Hold events that forge and expand corporate partnerships.

Many nonprofit groups stopped hosting fundraising events during the Covid era, but companies are often eager to sponsor big gatherings for the positive publicity they generate.

“Because that is a channel that corporations can support organizations, we might see a return to more galas,” O’Donnell says. “Definitely there’ll be more corporate sponsorships.”

Seeking sponsors for an event can get your foot in the door with a company, tying your brands together and opening additional opportunities for investment down the road.

Seeking sponsors for an event can get your foot in the door with a company, tying your brands together and opening additional opportunities for investment down the road.

The REI Cooperative Action Fund, a nonprofit started by the retailer REI Co-op in 2021 to expand access to the outdoors, has nurtured a multiyear partnership with the financial institution Capital One — one that has been key to the retail charity’s success. 

“We look for natural intersections with businesses that work with the co-op,” says Katherine Day Hase, its development director. “I reach out and say, ‘I’d be remiss if I didn’t invite you into this amazing impact work we’re doing.

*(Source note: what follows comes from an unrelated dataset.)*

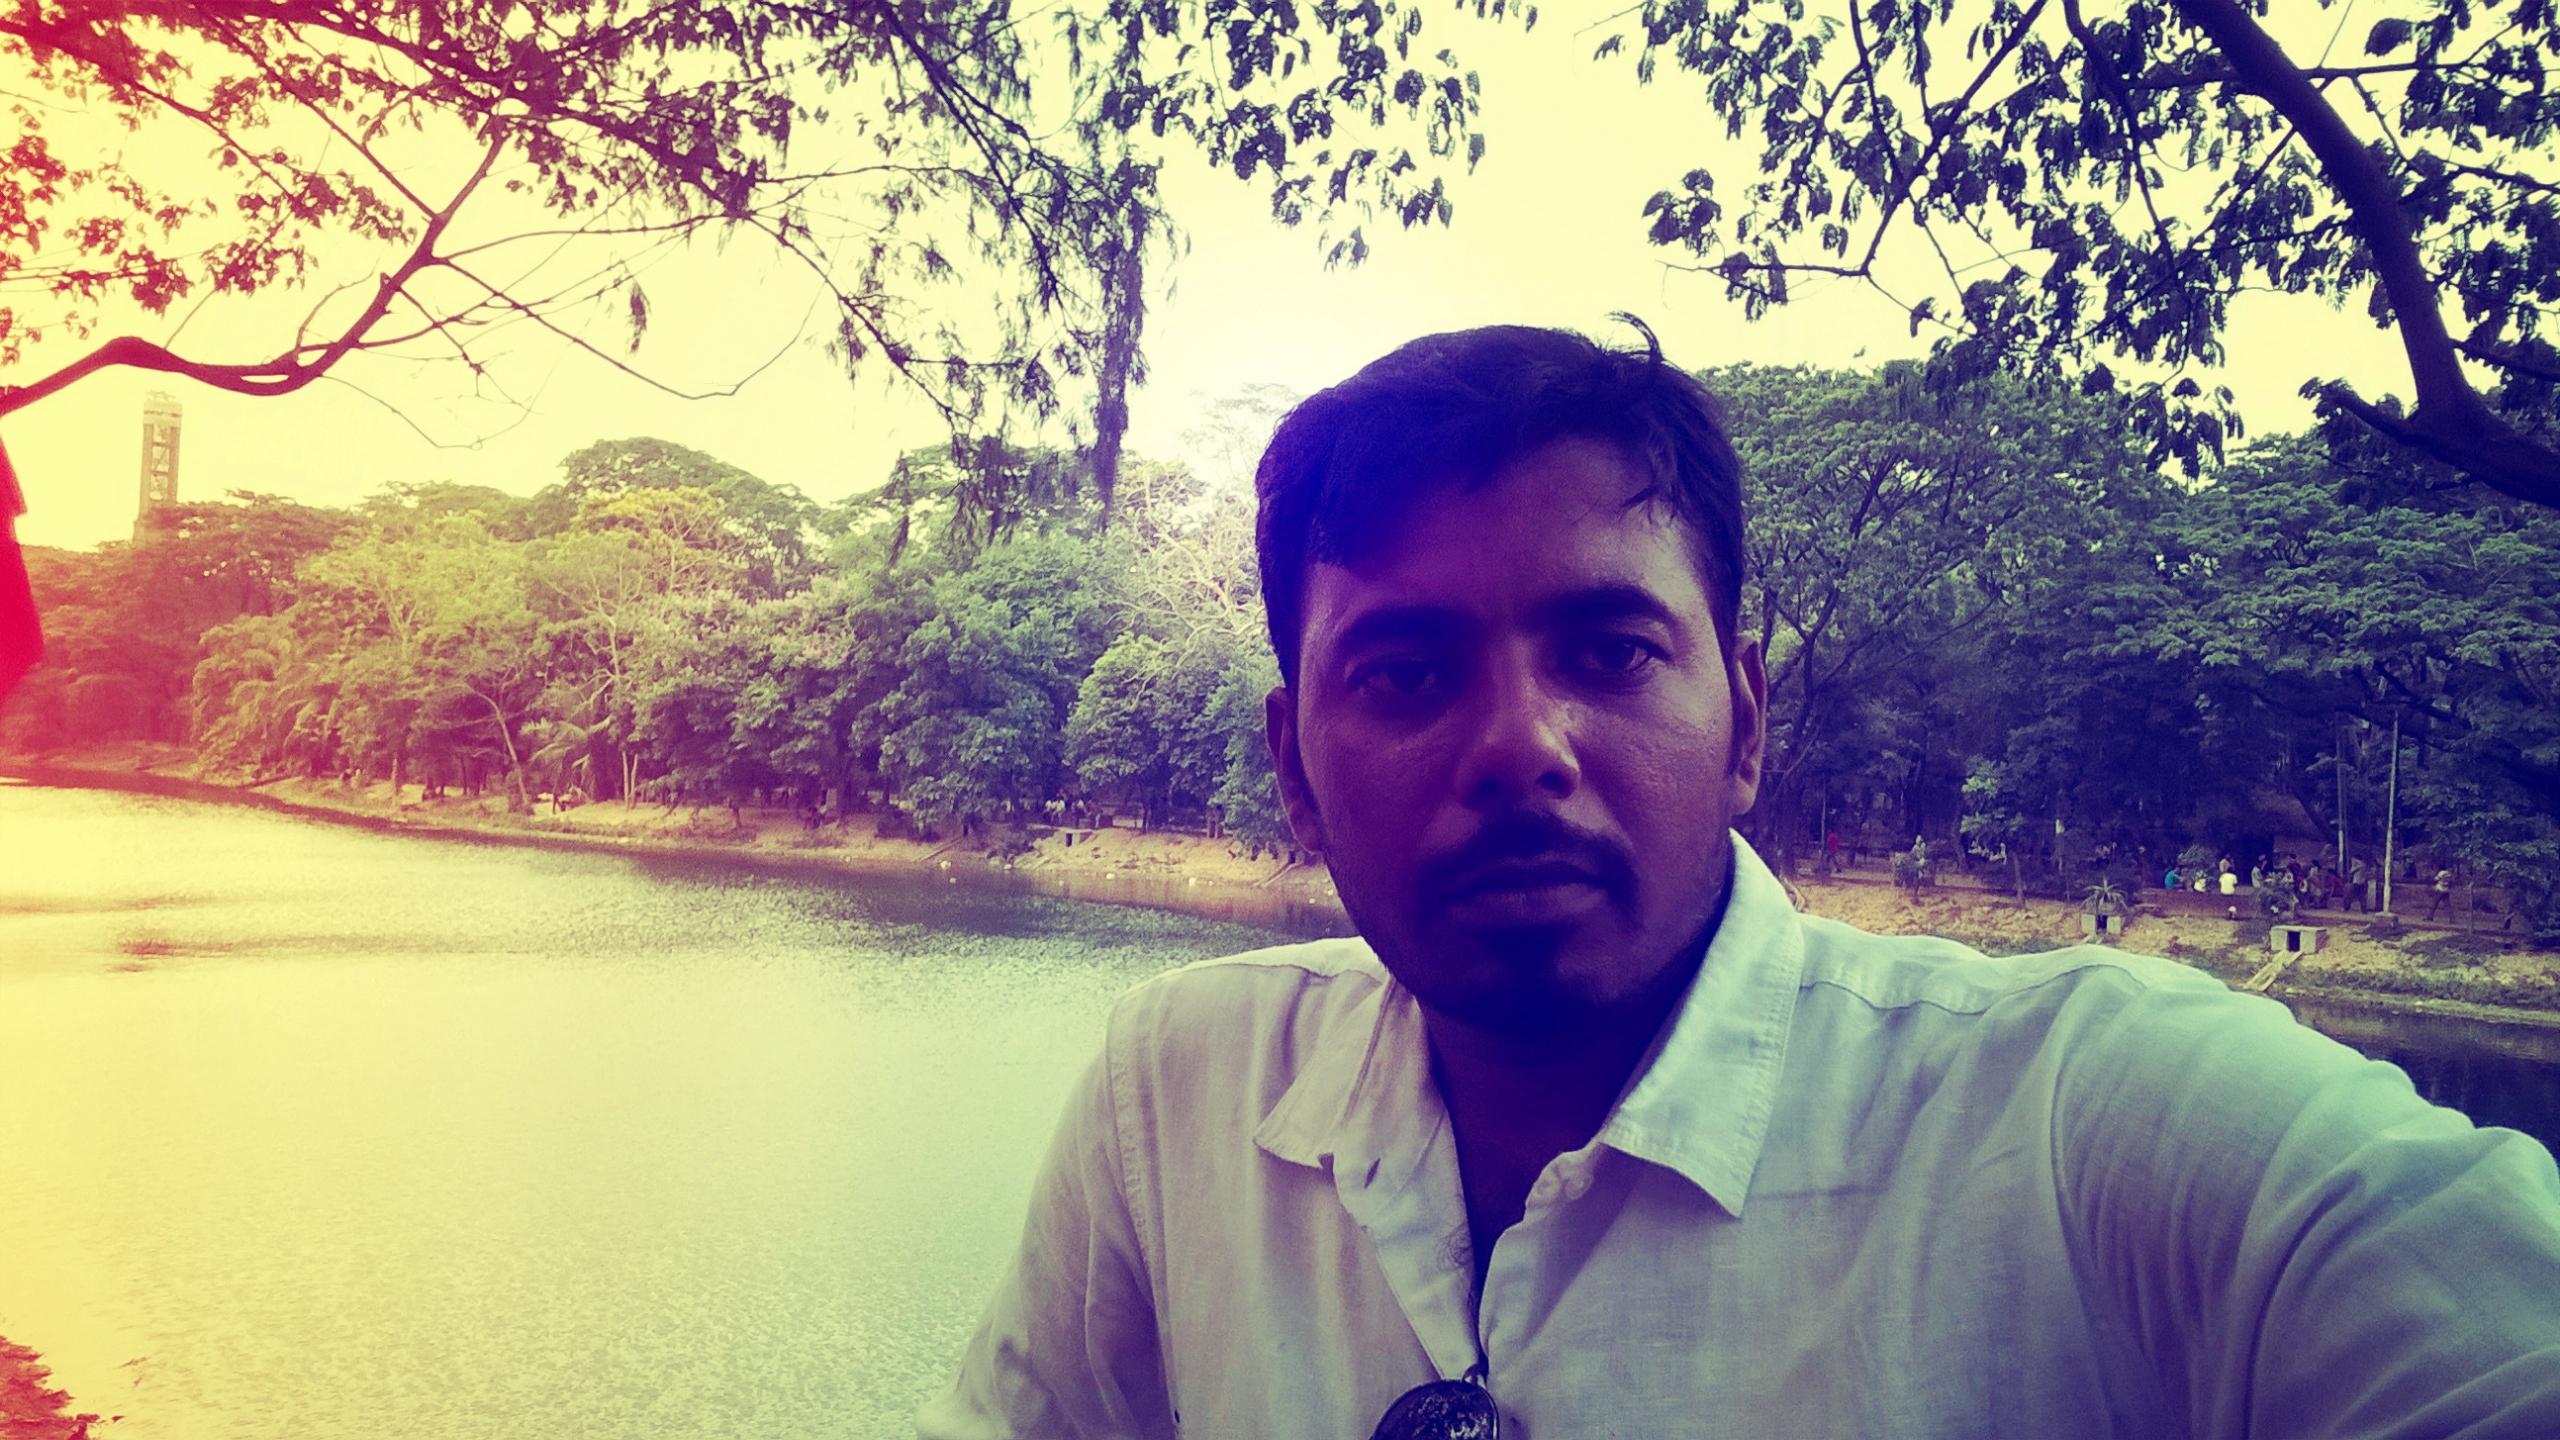 @jashimsheikh Cover Image

We’d love to see your logo as part of our corporate partners.'”

For the third year in a row, Capital One and REI are co-sponsoring Outside Days, a multiday music festival in Denver at the end of May. 

In addition to its sponsorship of the festival, the bank donates $2 million each year to the REI Cooperative Action Fund’s local grant program that backs community nonprofits nominated by employees at REI stores and distribution centers. That support accounted for much of its latest round of grant making, when the fund awarded $4.7 million to 293 grantees.

As trust grows between partners, you can lean on a company to highlight your work. Capital One now promotes the REI Cooperative Action Fund with its customers, Day Hase says: “It’s a lovely example of how a corporate partner shares their pride in their community and uplifts our nonprofit.”

Persuade companies to realign when they fall short of your shared goals.

Sometimes businesses get cold feet and want to reduce their giving or back out of agreements. Keep the lines of communication open to keep them invested, Raymond says.

The Split Second Foundation raised $287,000 in corporate donations in 2024, but coming into the fourth quarter of 2025, revenue had plummeted to just $39,000 as its biggest corporate funders became skittish about the economy.

“It’s challenging with the current economic dynamics, where you have on-again, off-again tariffs,” he says. “People were getting really conservative because everything was changing every day.”

However, he was honest with his business contacts that the nonprofit would not be able to sustain its programs without their promised support — and he won them back. 

“The challenge I find always is holding some of these corporations accountable when they pivot on making the philanthropic contribution, but then post same-year record profits,” he says.

Remind corporate leaders that a good partnership is a two-way street and that building a strong community to surround their business has mutual benefits, Raymond urges: “Supporting us supports the ecosystem. It also supports their philanthropic objectives, and it makes them look good as a corporation.”